Sunday, June 12, 2011

Home with Cheese and Chocolate

When we are home I don’t mind Manuel going away for a few days; in fact every so often I like it. The kids and I have special little things we do. And I generally put them to bed as close to 7 as possible and treat myself to chyc flicks and other delicacies. That is not the case in China. The act of having to fill the coffee pot with potable water from a slow drip 10 gallon jug made me totally crazy. When I got the news that Manuel would be hours and perhaps a day late it just about pushed me over the edge; the edge included so many hours of computer games for the kids that they must have lost brain cells and lots of cursing from me.

He did make it back from Beijing after an epic journey which included sitting on the runway in Beijing for nearly 5 hours. Apparently, the airport witnessed hundreds of flight delays yesterday thanks to torrential downpours in Guizhou and Hunnan. Once again the dissonance of a globalization style consequence—the delay of national and international flights—and the local consequences is gritty. My ire came from my husband’s flight delays after an international science conference and a trip to the Western grocery store. And, I used my newfound computer skills combined with a historians toolbox to figure out exactly what went on where. But thousands of people died and suffered serious injury because they lived in poorly constructed buildings, ran out of potable water, and simply cold not get shelter from the rain, wind and lightening. And they probably had no idea why and certainly did not have internet weather radars to feed obsessions.

These gravity of the rain situation remained unknown to us until the flight delays. It wasn’t quite dramatic enough to make the New York Times or CNN. And while I dutifully check the English Language Chinese news every couple of days it goes to great lengths to block anything at all unseemly or related to death from natural disasters. This angle of censorship seems especially ironic. At the risk of seeming trite when you reside in the part of China that is developing or rural the immensely destructive power of nature and the fragility of human bodies sounds loud and clear. Late afternoon heat without ac literally stifles the breath, and the noise of torrential rain pours in bamboo houses or on those with tin roofs deafens. Meat comes with blood, guts, feathers and every other part that reminds you that dinner came from someone breaking the neck of your chicken. And the sale of gobs of blood makes this even clearer. The town doctors office resides in an open air room so severe illness and even death vigils occur in public spaces. Children get antibiotics through IV’s—as in they can be seen walking down the street with an IV pole.

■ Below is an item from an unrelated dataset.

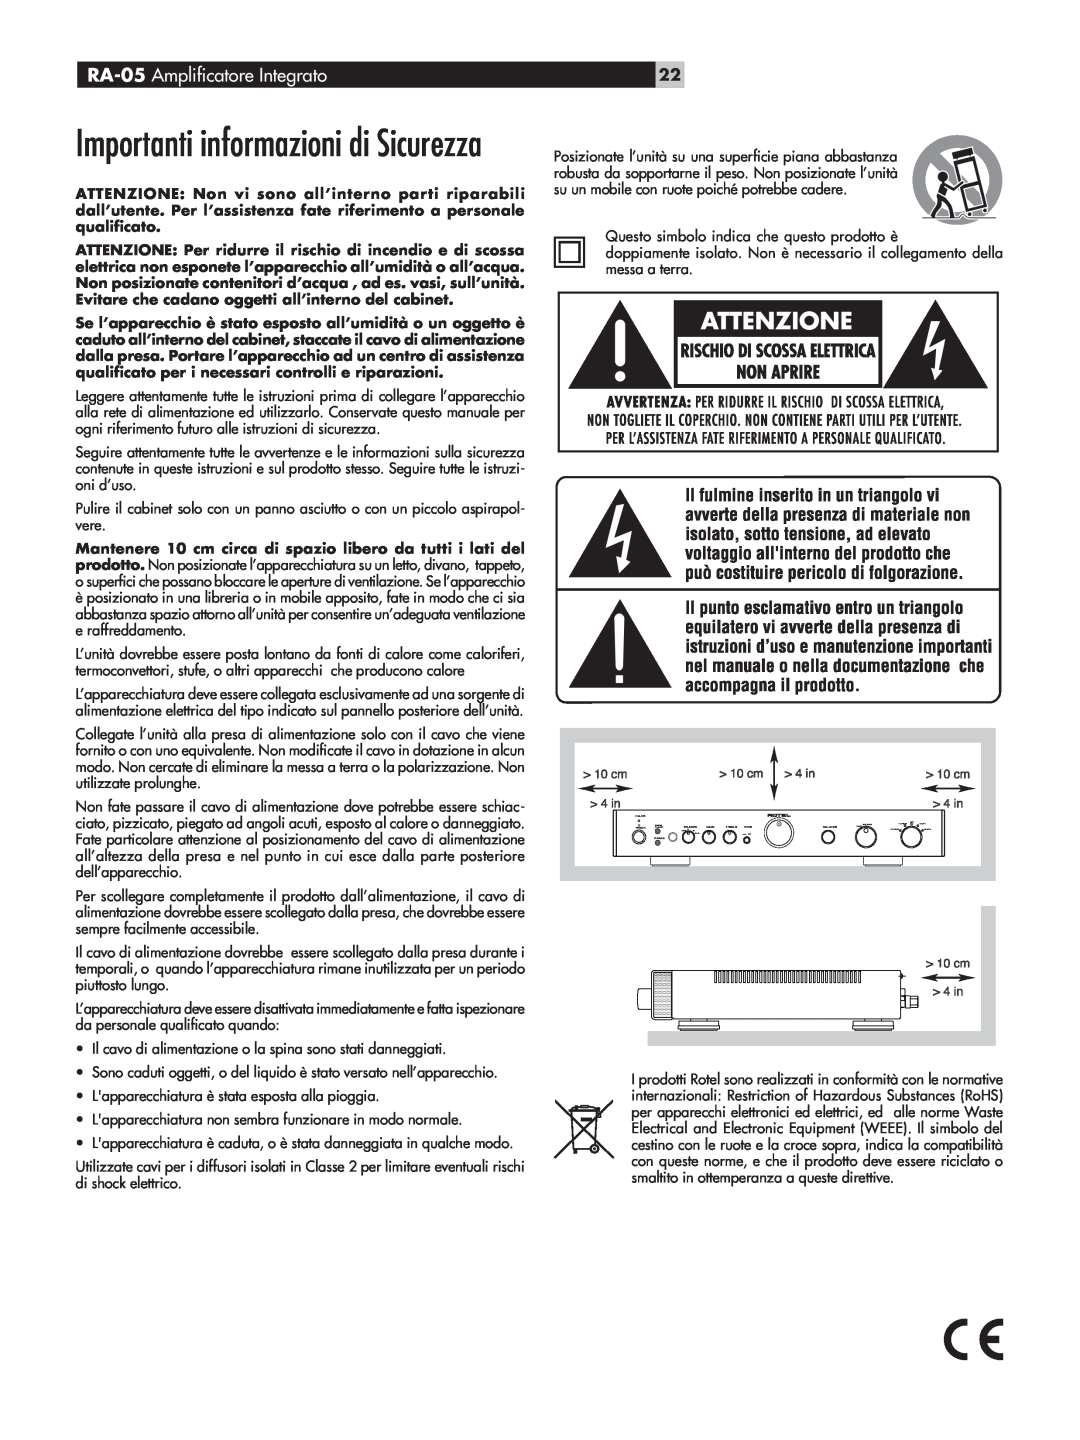 Rotel owner manual Importanti informazioni di Sicurezza, RA-05 Amplificatore Integrato

Manuel did make it back quite late last night and he came with a suitcase full of Western delicacies; mostly importantly the five chocolate bars which he knew he’d need to gain entry back into the house. With the wild Harvest Tomato Sauce, pita bread, and mozzarella cheese I made pizza in the wok with pita bread with the kids scarfed in three seconds. Apparently the 5lbs of cheddar cheese caused some trouble at Beijing Airport security and involved a security official sniffing it, wrinkling his nose in disgust, and then shaving a slice off and running it though a special bomb-sniffing machine. At the Kunming Airport they were concerned, instead, with parmegiano. Ironically, as I was getting ready to go for my first run since Manuel left the kids asked “aren’t you making us anything for breakfast, pancakes, Tibetan flatbread.” My quick retort was “are kidding me? Daddy took two planes and a bus to buy you corn flakes and shredded wheat. fix your own breakfast. And start thinking about Eggo for when we get home” I also asked them to report my super mom feats to their father, hoping they’d talk about exciting walks in the rainforest or the family project of constructing a play kitchen for Eli out of boxes. Instead they reported that I had made them wear helmets which made them look silly and that I said “look I can’t keep an eye on you with Eli on my butt.” It’s true I said it, and everyone under eleven remembers it. And that sentence had already gone through the parental censorship process.

My favorite report from Beijing involved a text I received from the wife of Manuel’s colleague. It said, “The boys went to a hookah bar.” Admittedly I only know what Hookah is because we have one in Cville at a place that plays great music and serves good salad. And I think someone smoked it in the movie Around the World in Eighty Days. So it seemed weird but not the weirdest thing we’ve encountered here. She then called a few moments later to say that she had been concerned and alarmed. She is Chinese and did not know the word hookah and thought her husband had said Hooker. She knows that western men traveling alone still frequently answer their hotel room doors to find hookers offering their services.